→ **Work required**
Could you set down the listing below exactly and omit its images?

→ **Collected material**
....................
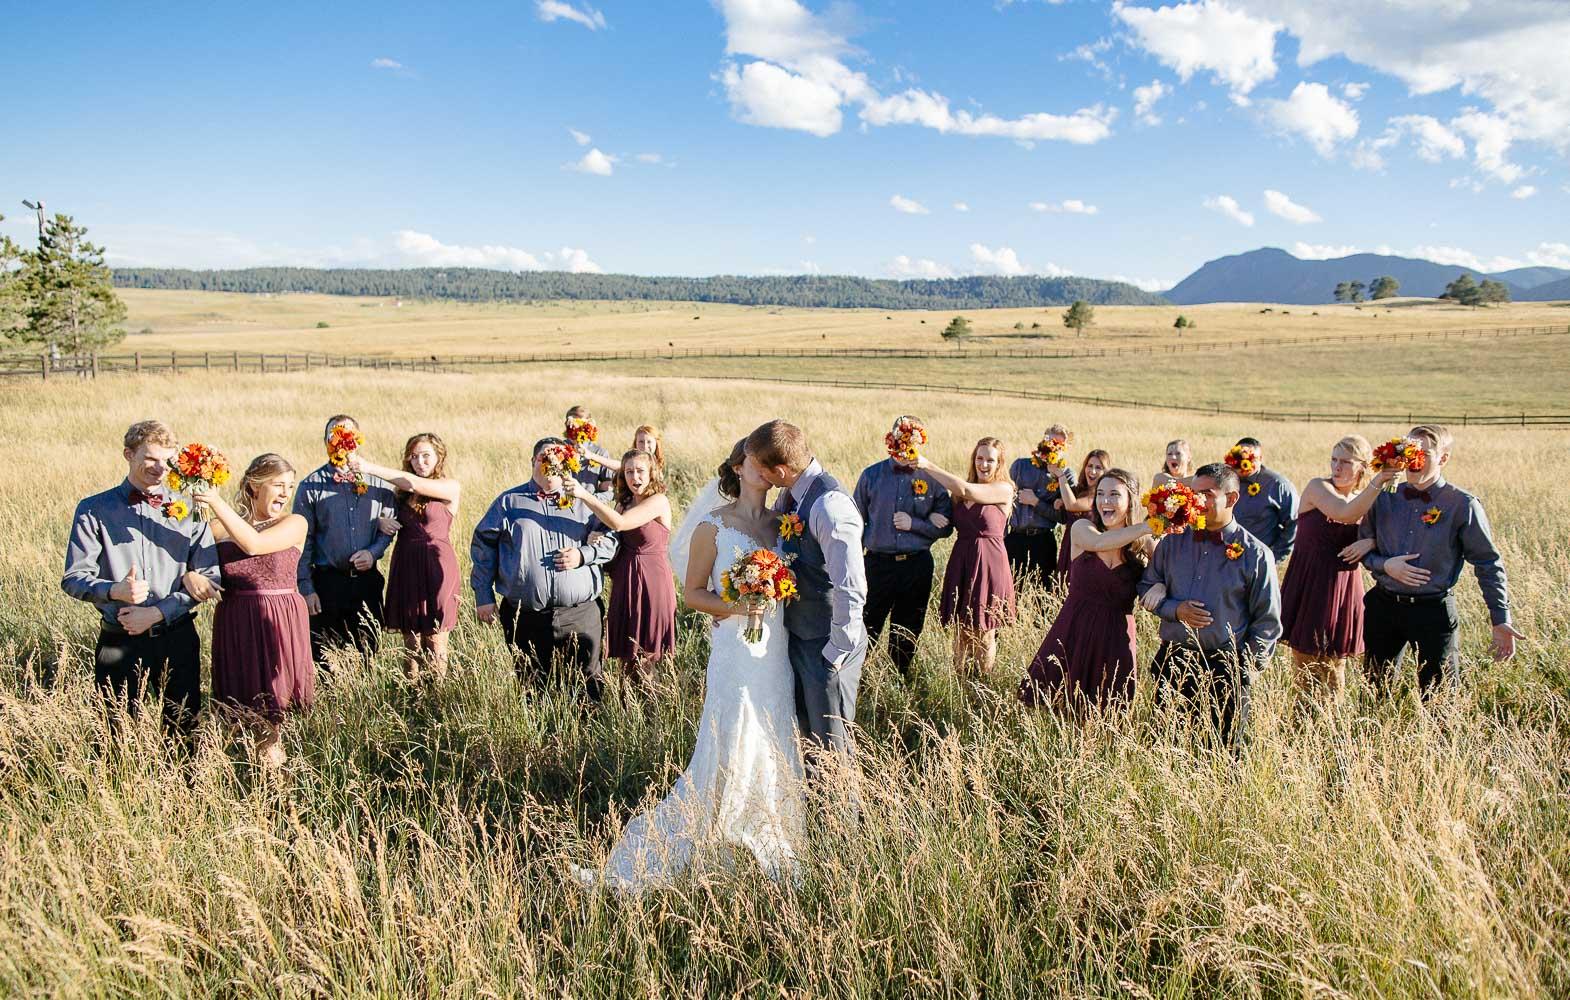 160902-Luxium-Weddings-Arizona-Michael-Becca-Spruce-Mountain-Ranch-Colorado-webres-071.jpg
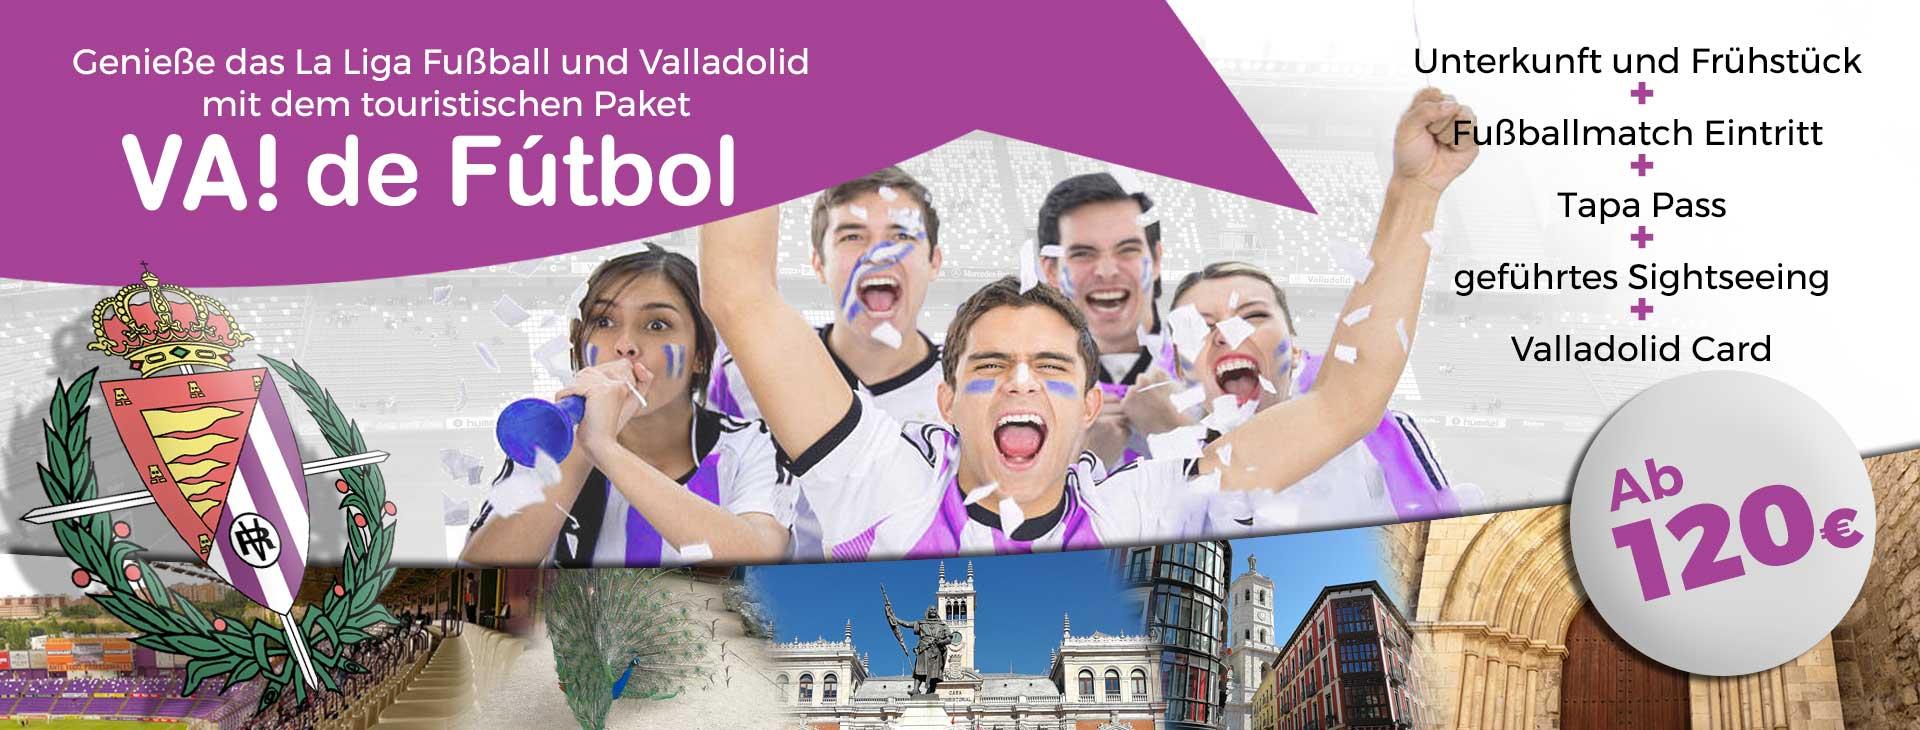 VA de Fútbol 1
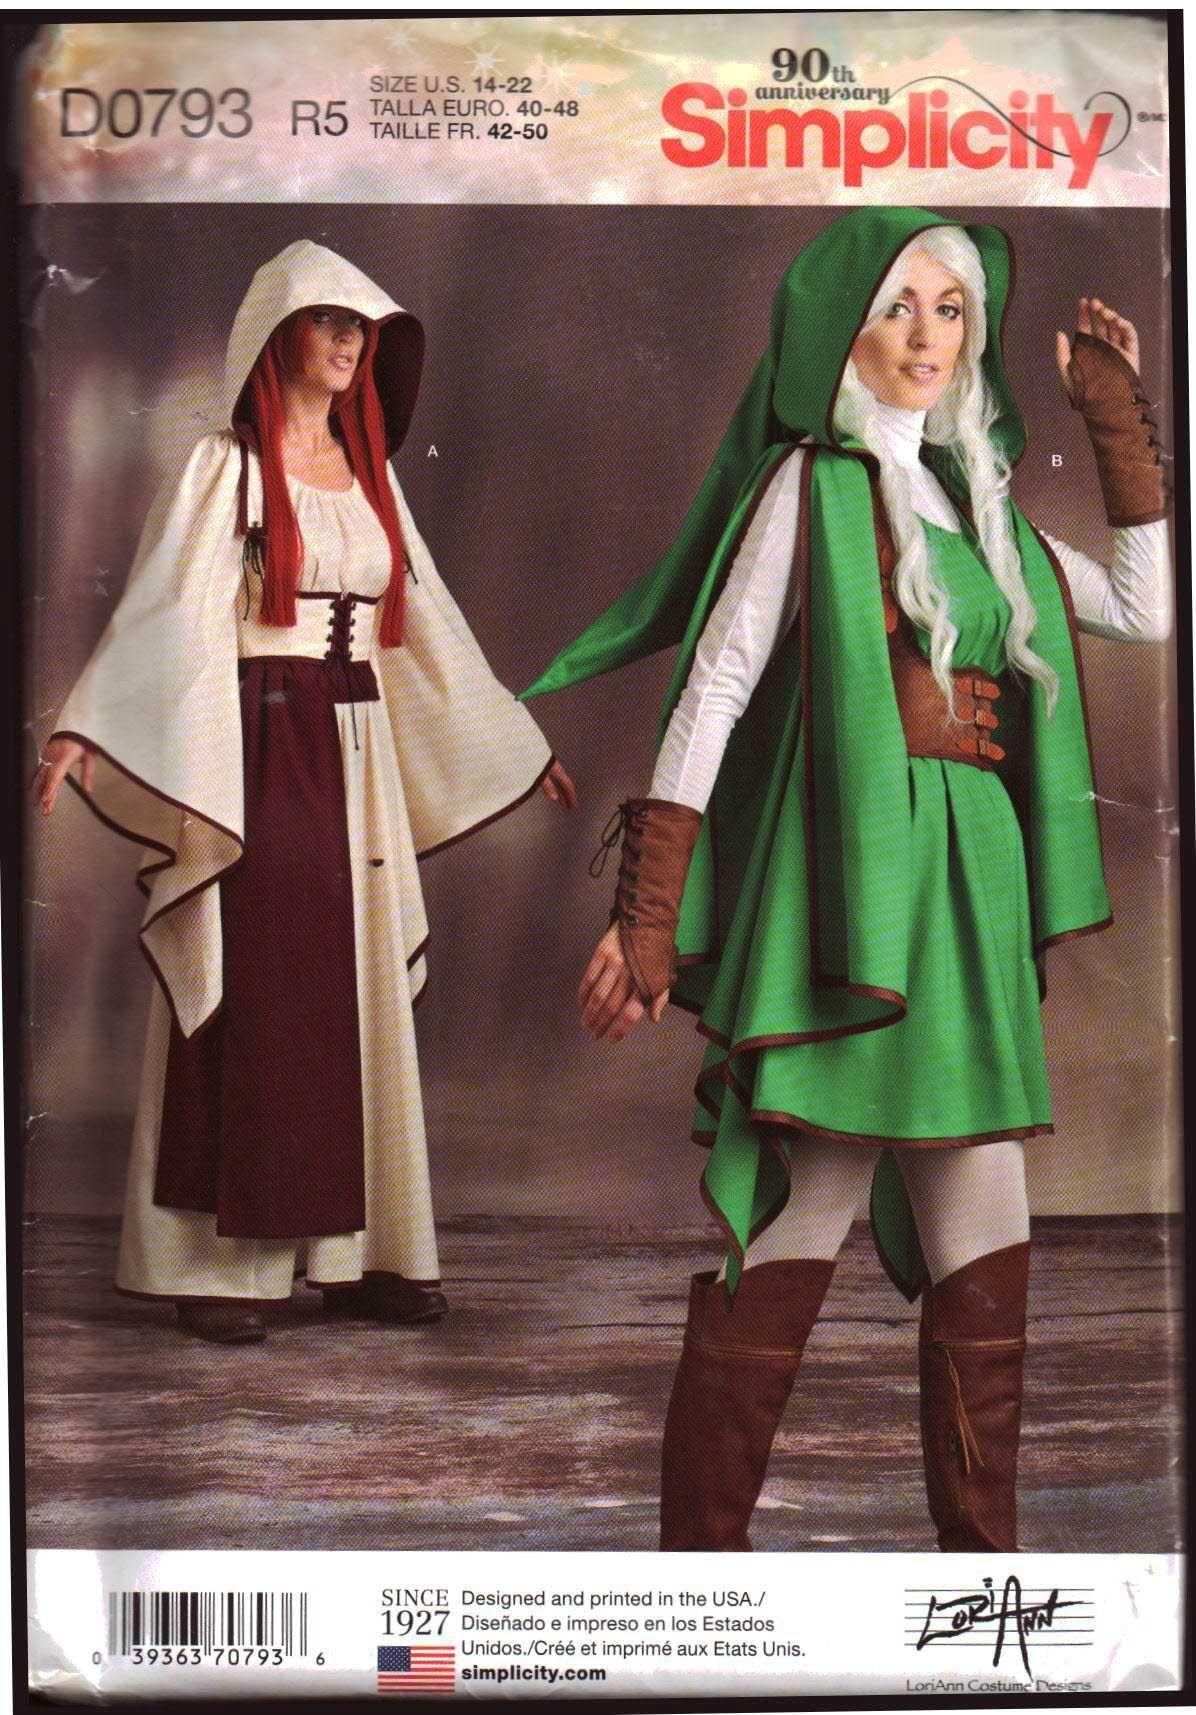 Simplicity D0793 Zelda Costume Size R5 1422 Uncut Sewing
....................
→ **Task result**
 160902-Luxium-Weddings-Arizona-Michael-Becca-Spruce-Mountain-Ranch-Colorado-webres-071.jpg
 VA de Fútbol 1
 Simplicity D0793 Zelda Costume Size R5 1422 Uncut Sewing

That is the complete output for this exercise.